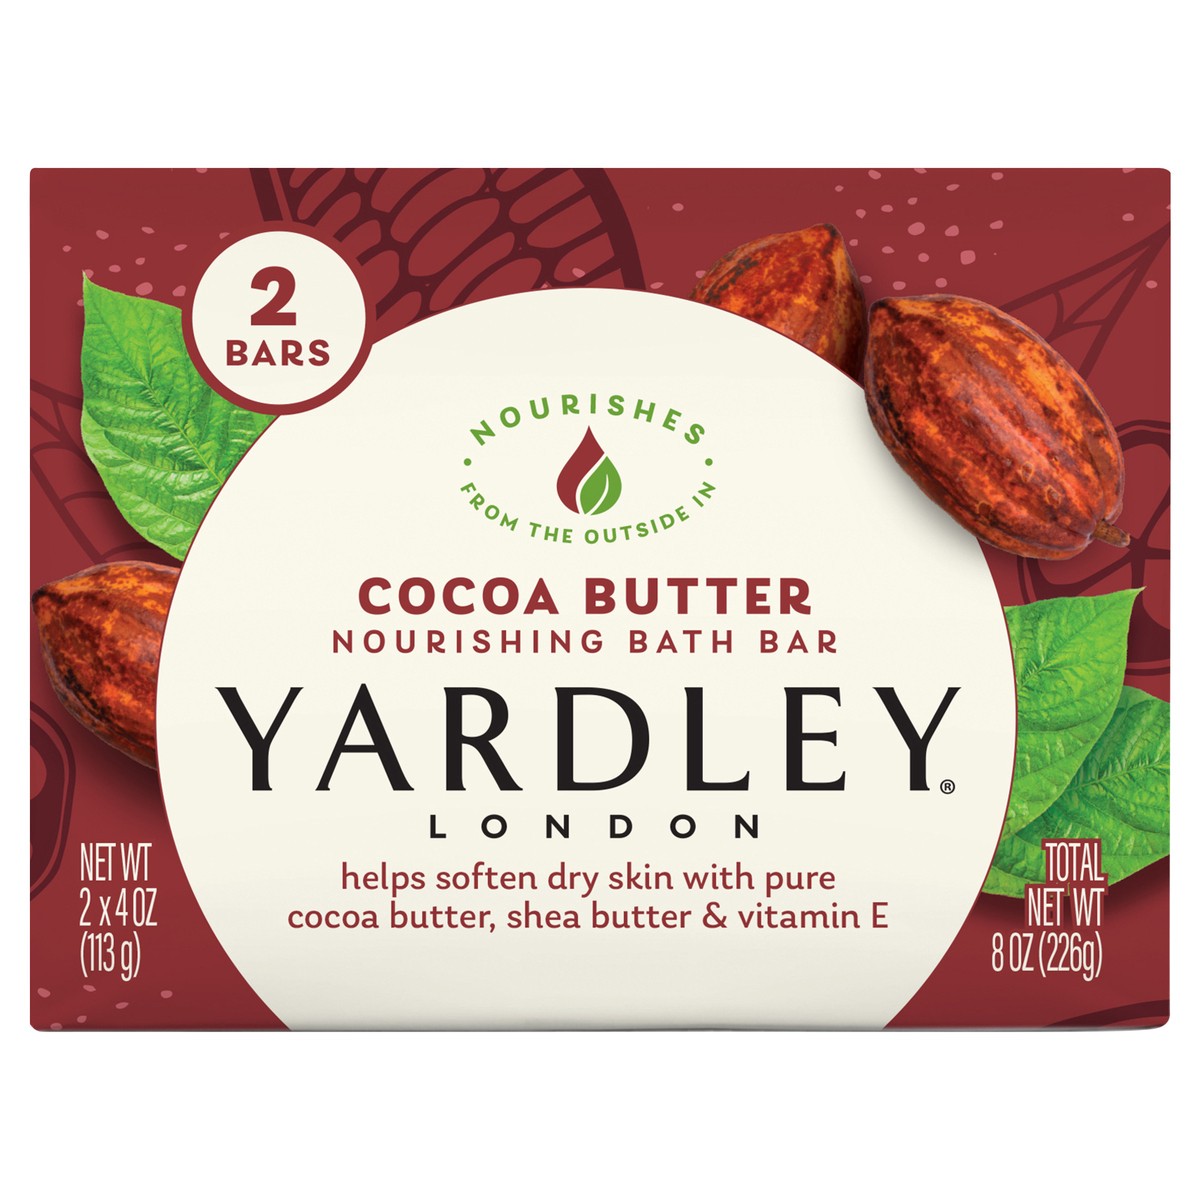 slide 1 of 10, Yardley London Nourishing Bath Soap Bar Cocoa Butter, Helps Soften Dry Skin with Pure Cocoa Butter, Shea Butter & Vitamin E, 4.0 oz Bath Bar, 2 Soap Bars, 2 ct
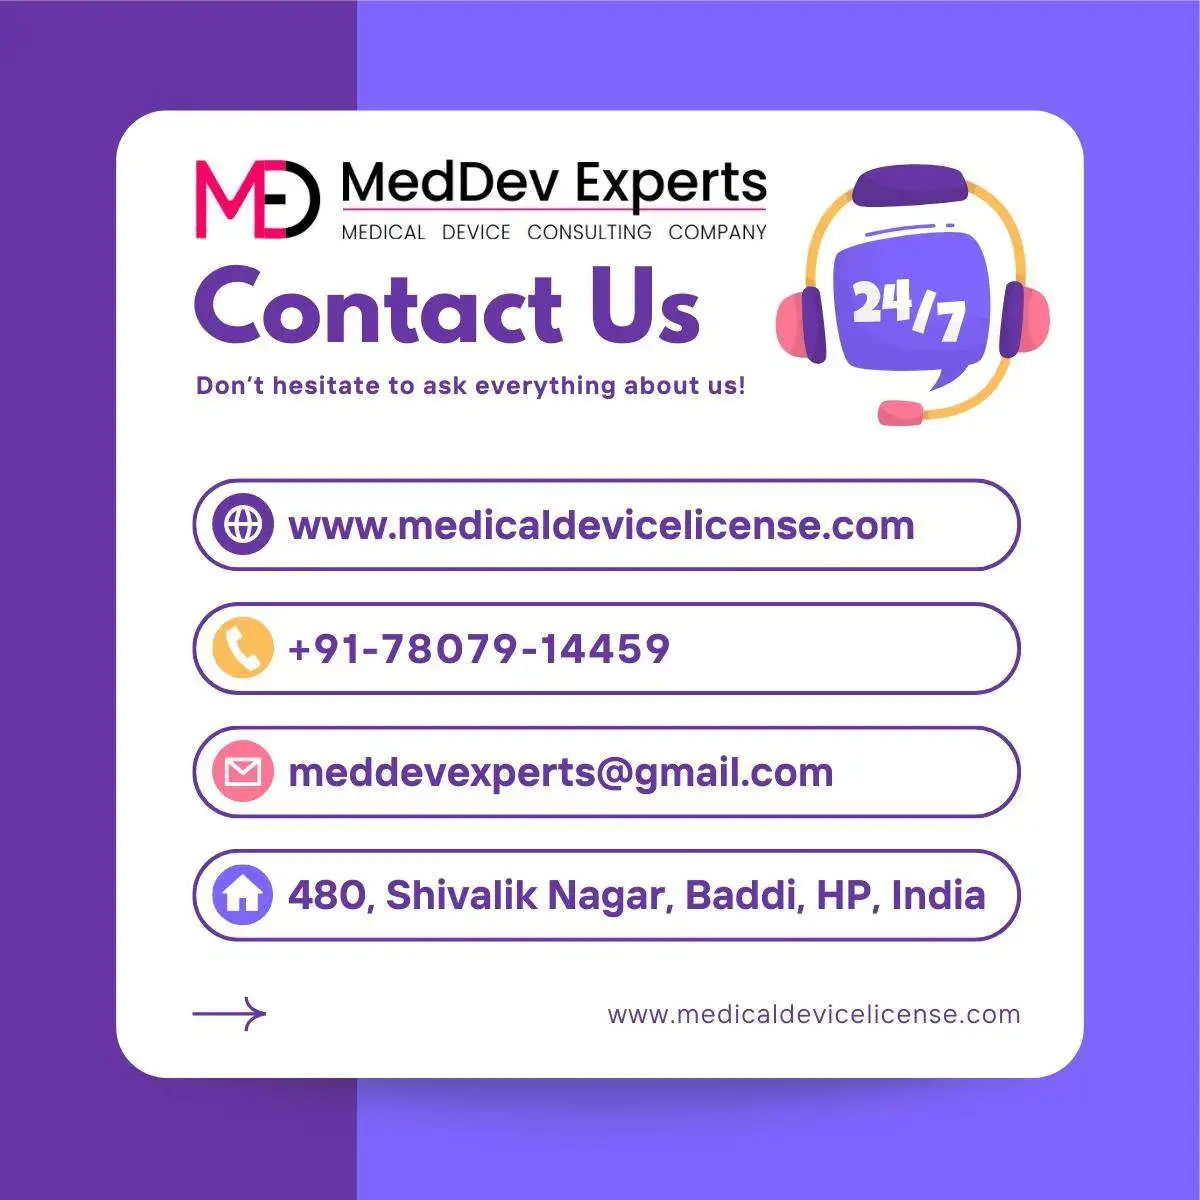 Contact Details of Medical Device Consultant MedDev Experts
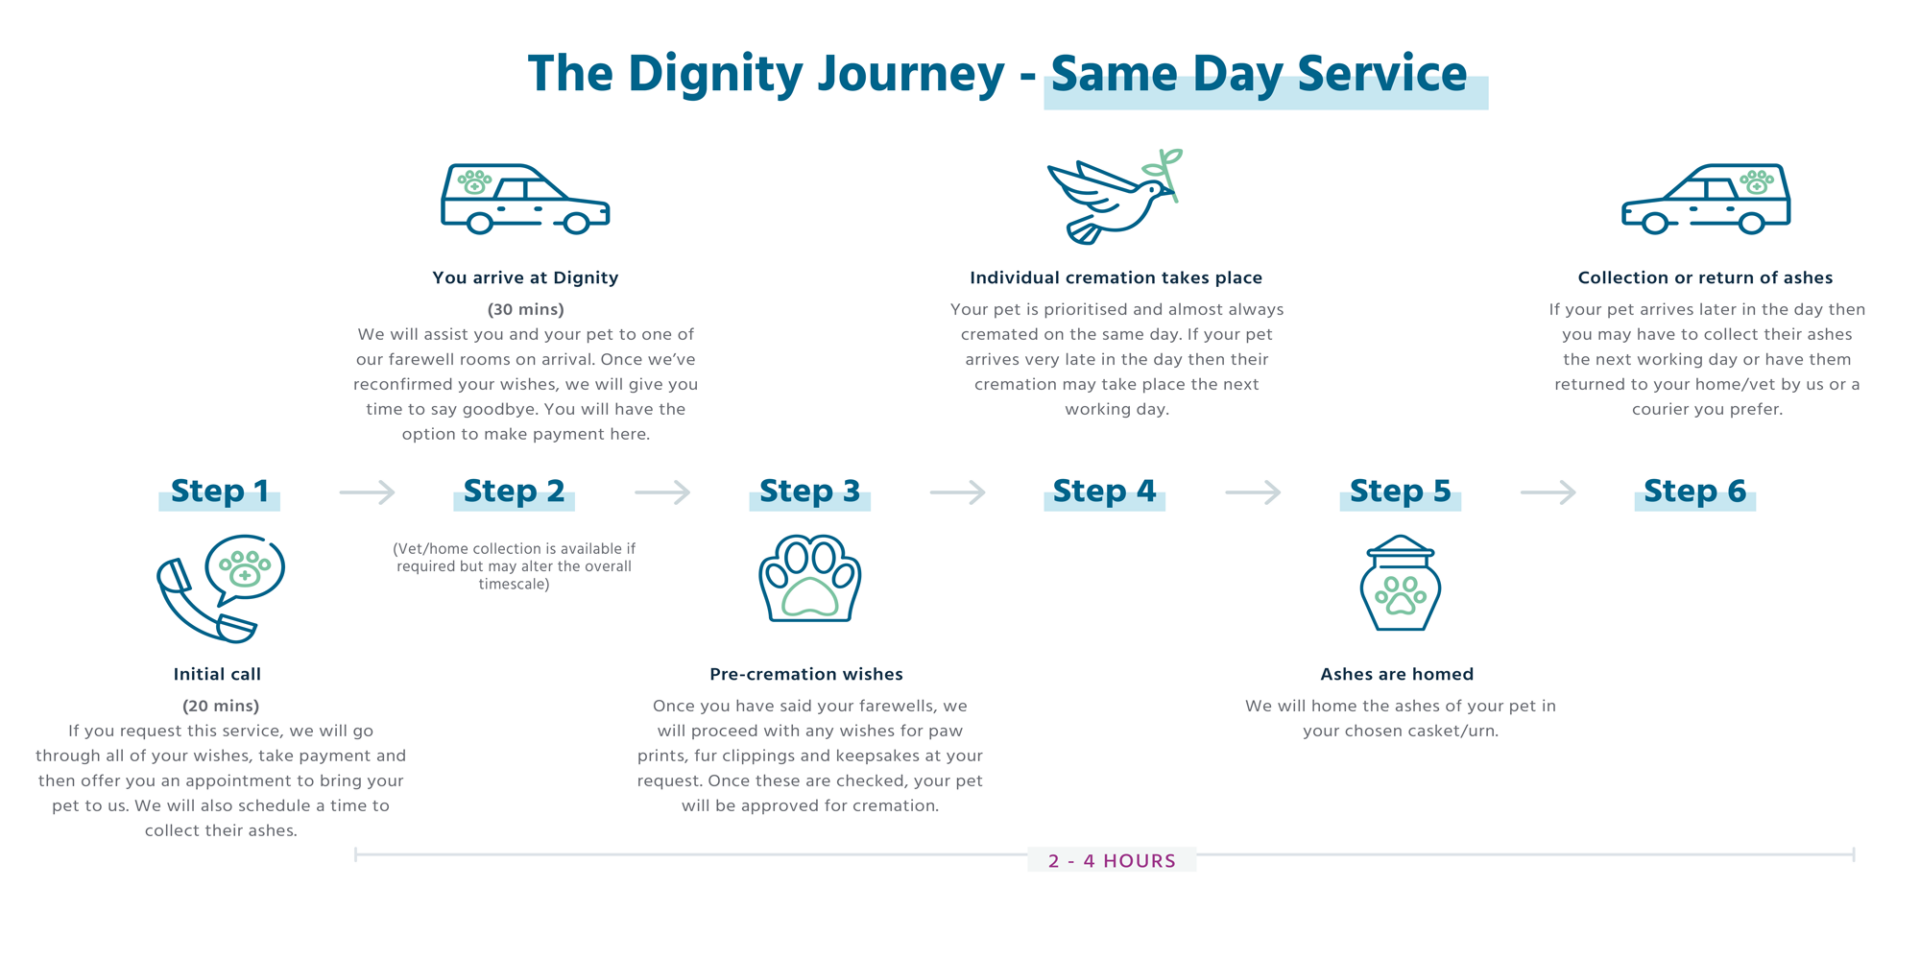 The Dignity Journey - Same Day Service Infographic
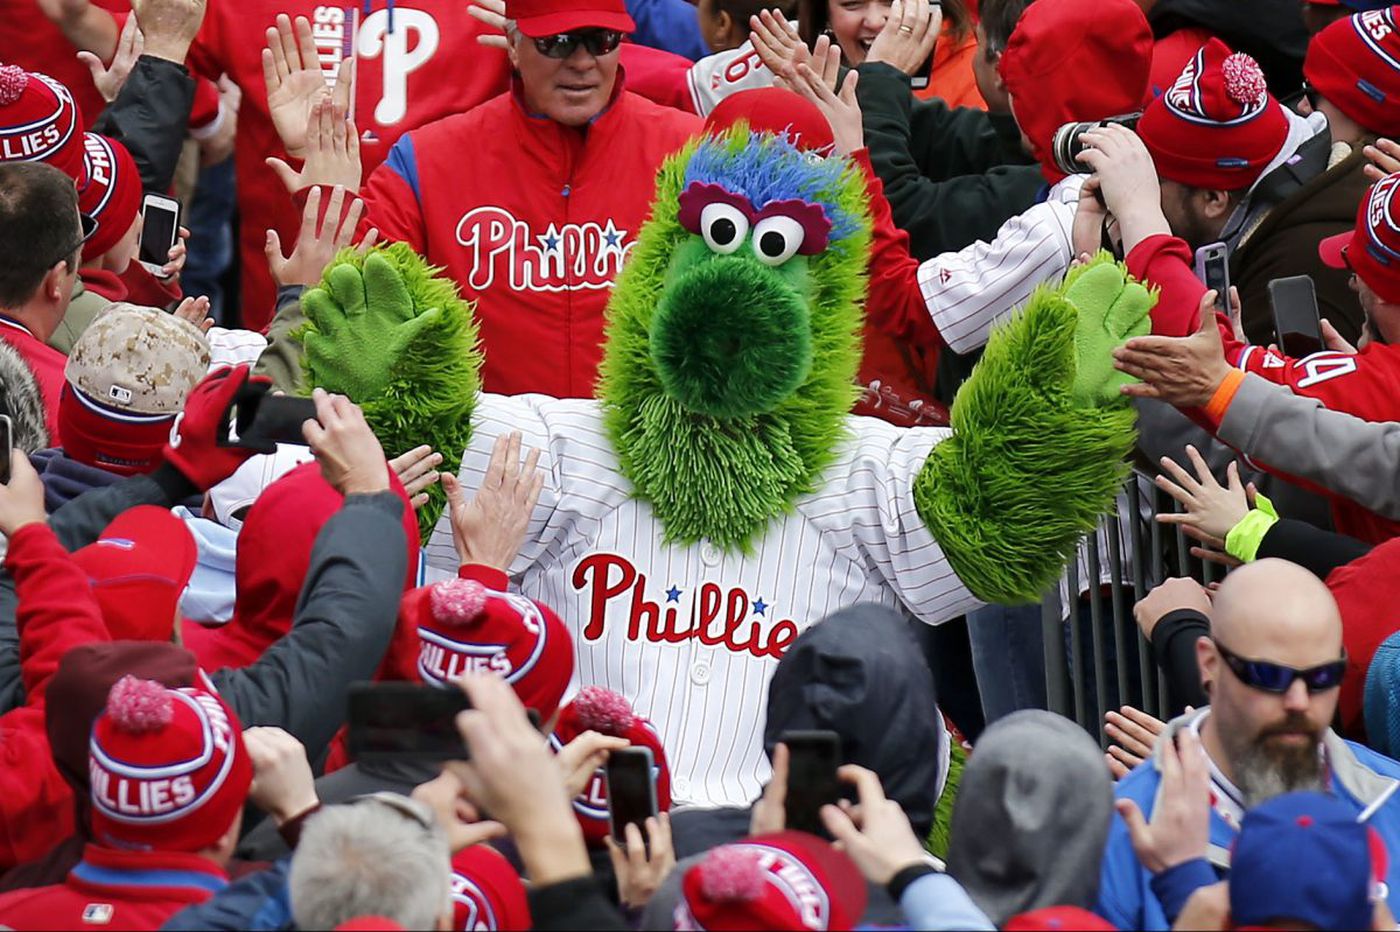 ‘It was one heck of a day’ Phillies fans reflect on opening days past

*Prompt*
Pictures are to be omitted from the copy, and only the lines from the one containing "Contact Details of" through the final line of the listing above are to be written out exactly.

*Solved exercise*
 Contact Details of Medical Device Consultant MedDev Experts
 The Dignity Journey - Same Day Service Infographic
 ‘It was one heck of a day’ Phillies fans reflect on opening days past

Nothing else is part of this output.